Methods: In this study, we investigated the Abl2 expression in a series of HCC tumors by immunohistochemistry and further evaluated its clinicopathological and prognostic significance. We also performed an in vitro experiment to validate the effect of Abl2 gene silencing on the migration and invasion abilities of human liver cancer HepG2 cells.
Results: It has been demonstrated that Abl2 was unregulated in 37.3% (28/75) of primary HCC tissues, and was significantly associated with a shorter overall survival time (P=0.0005).

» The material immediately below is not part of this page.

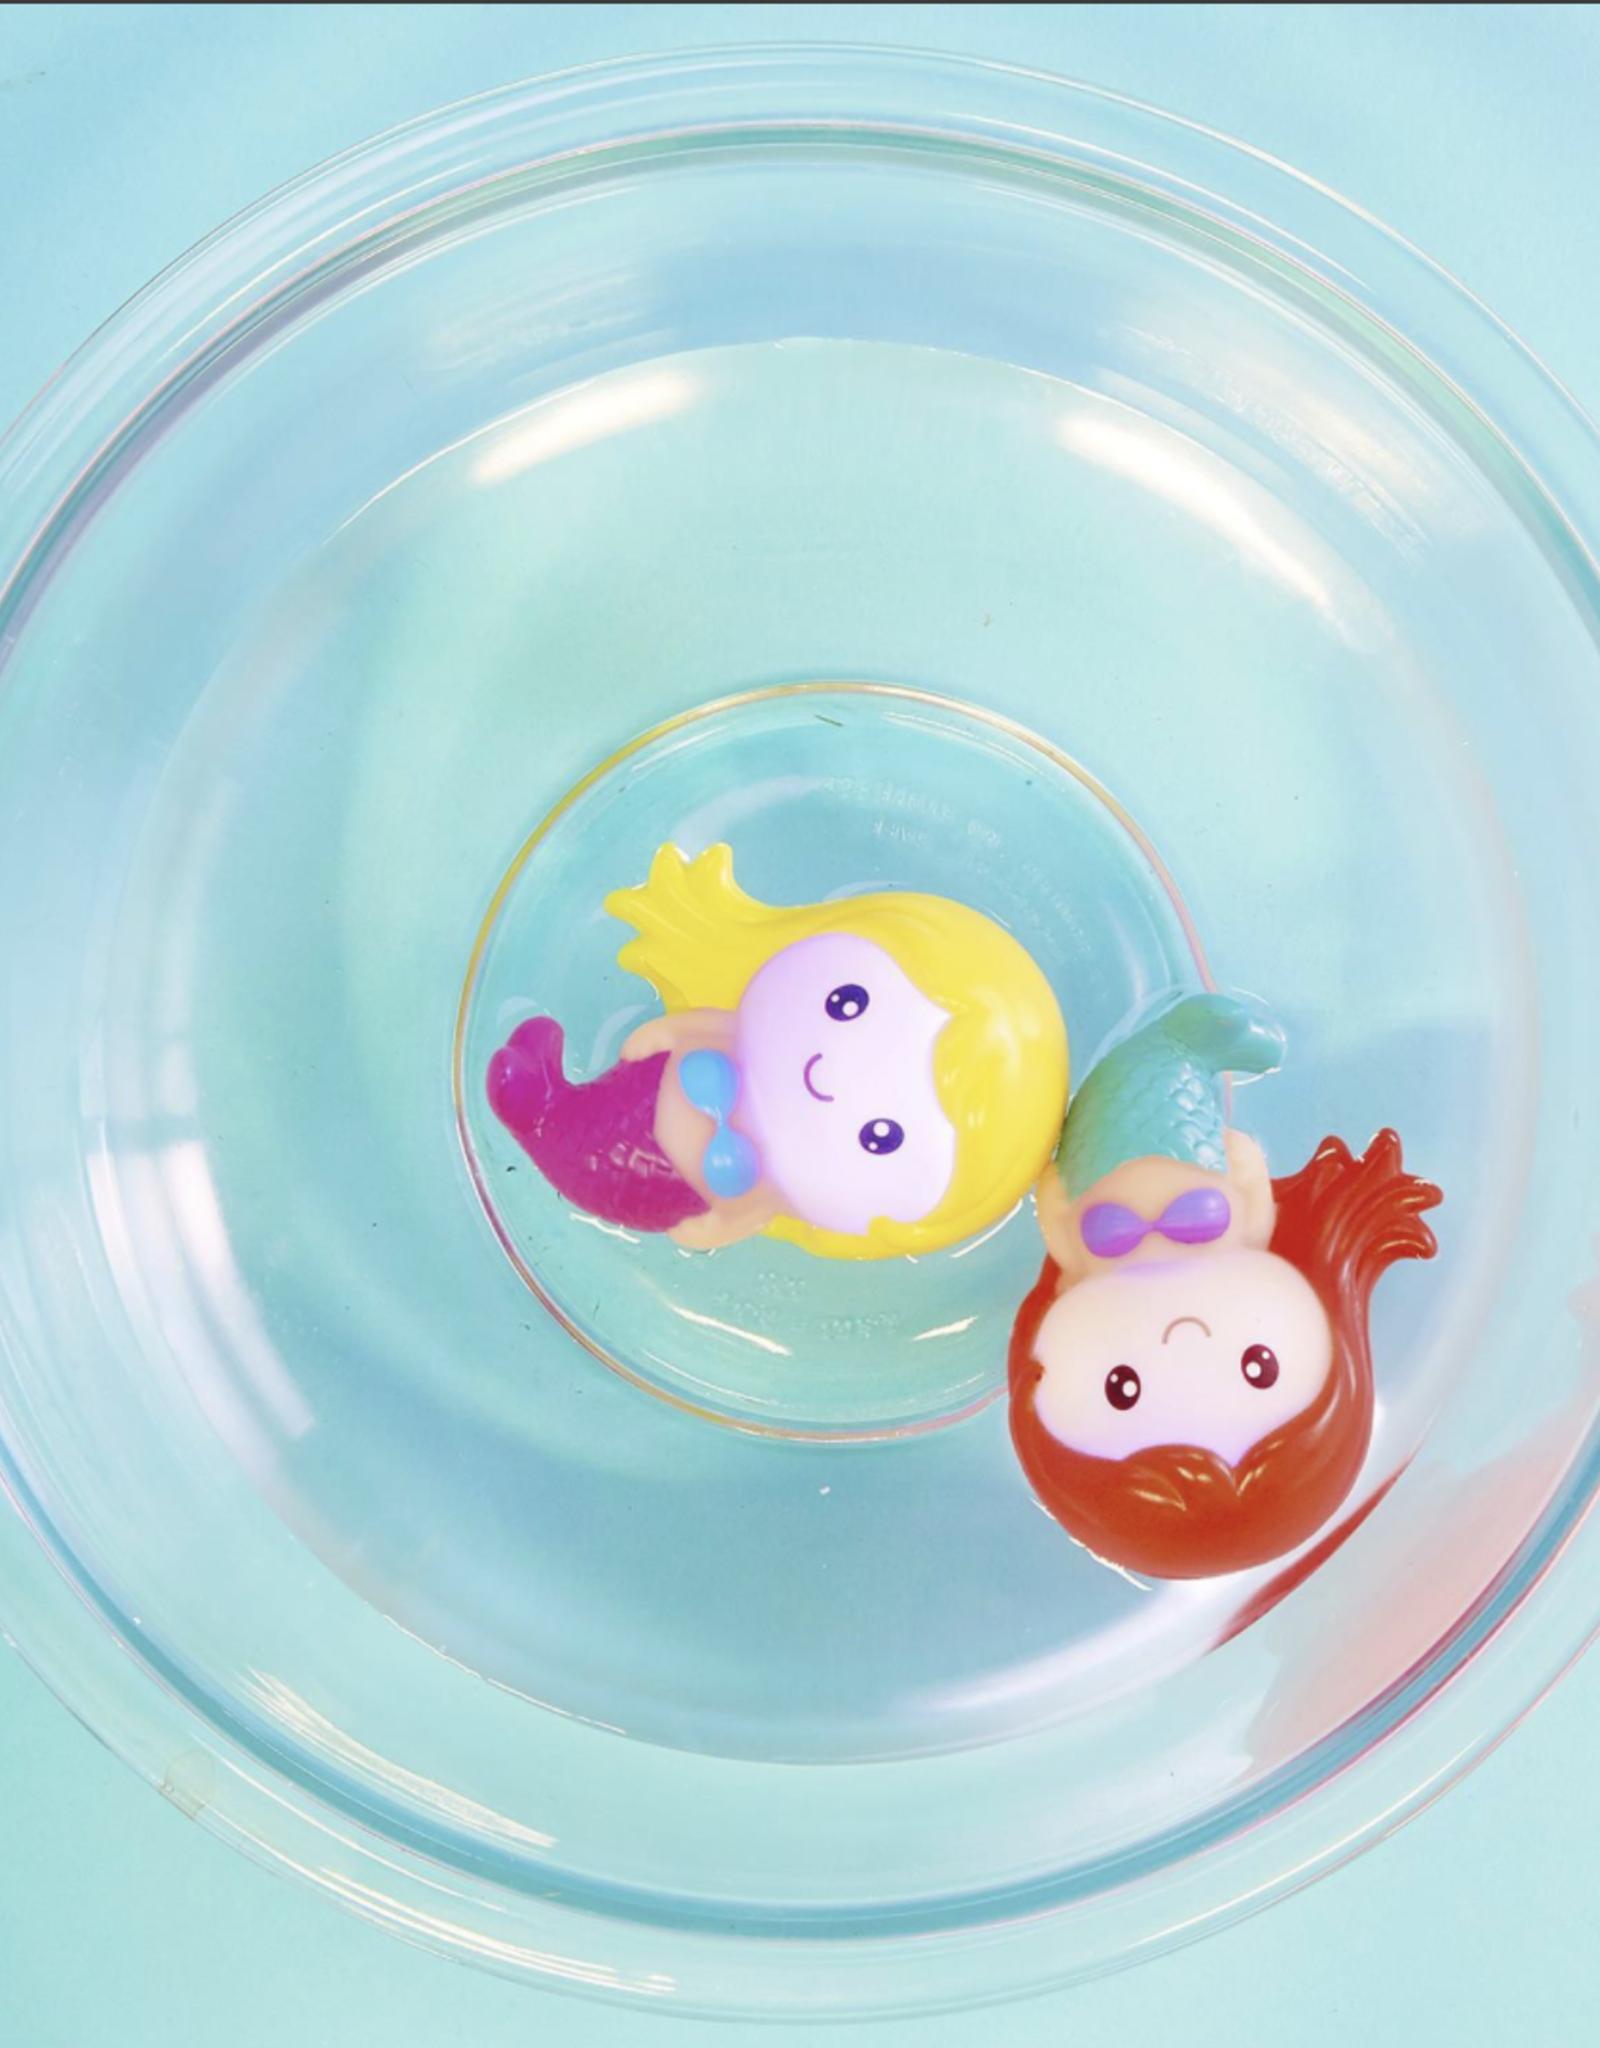 Two's Company Floating Mermaid LED Bath Toy

In addition, Abl2 gene silencing in HepG2 cells significantly attenuated its migration and invasion abilities in vitro. We also found that the phosphorylation of metastasis-associated gene cortactin was markedly decreased by Abl2 silencing.
Conclusion: We propose that Abl2 might be a potential candidate therapeutic target for HCCs and that targeted therapies against Abl2 in the treatment of HCCs deserve further investigation in the future.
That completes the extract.